Kidist Mekonnen
This PhD project investigates how to make generative information retrieval (GenIR) systems more robust, adaptive, and reproducible as document collections evolve. GenIR models retrieve documents by generating semantic identifiers directly from queries, simplifying the retrieval pipeline but introducing challenges in dynamic settings where new documents are continuously added and retraining is costly.
So far, the project has (i) introduced Direct Document Relevance Optimization for GenIR (SIGIR 2025), and (ii) developed low-resource passage retrieval benchmarks for Amharic, supporting evaluation in under-represented language (Findings of ACL 2025). The current focus is on continual adaptation in dynamic corpora, aiming to maintain retrieval performance on earlier slices while incorporating new documents without forgetting.
The project compares strategies such as parameter-efficient updates (e.g., adapters, LoRA, or partial freezing), index-aware constrained decoding (using dynamic prefix tries), and hard-negative replay that mines confuser documents across temporal partitions.
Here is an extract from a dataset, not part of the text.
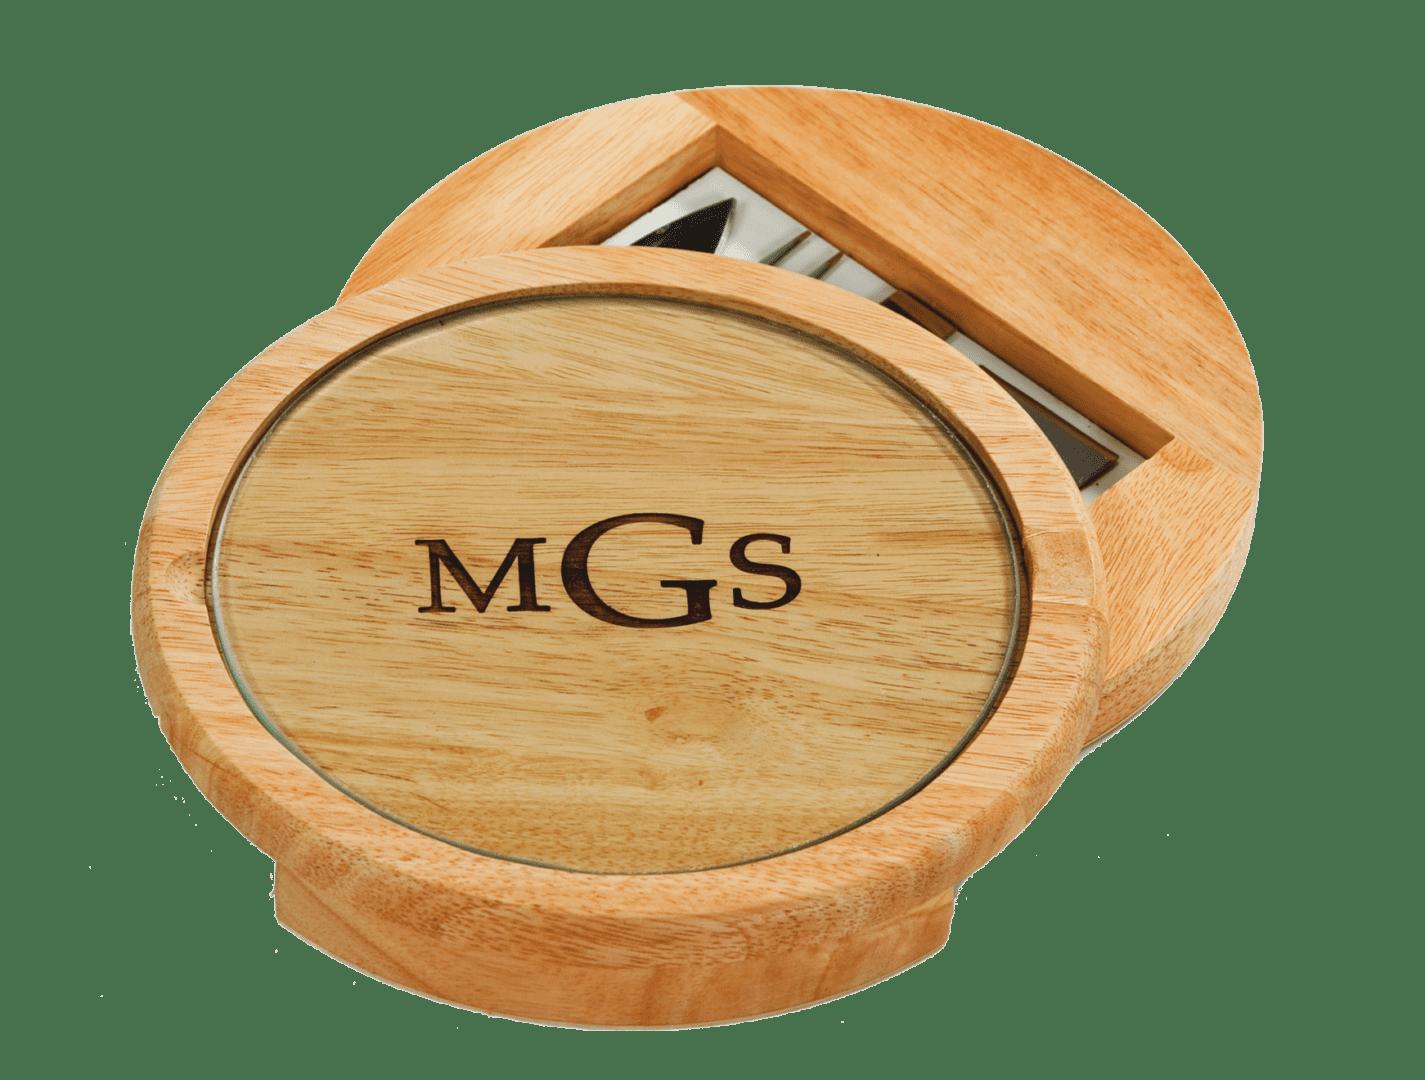 LASER ENGRAVE-M Monogram Wood

Evaluation spans retention, adaptation, and efficiency (e.g., training cost, latency), and emphasizes reproducibility through versioned corpus partitions, fixed checkpoints, and released code.
The overarching goal is to develop GenIR systems that remain reliable and efficient across evolving corpora, enabling broader deployment in domains such as web archives, scientific discovery, and multilingual information access.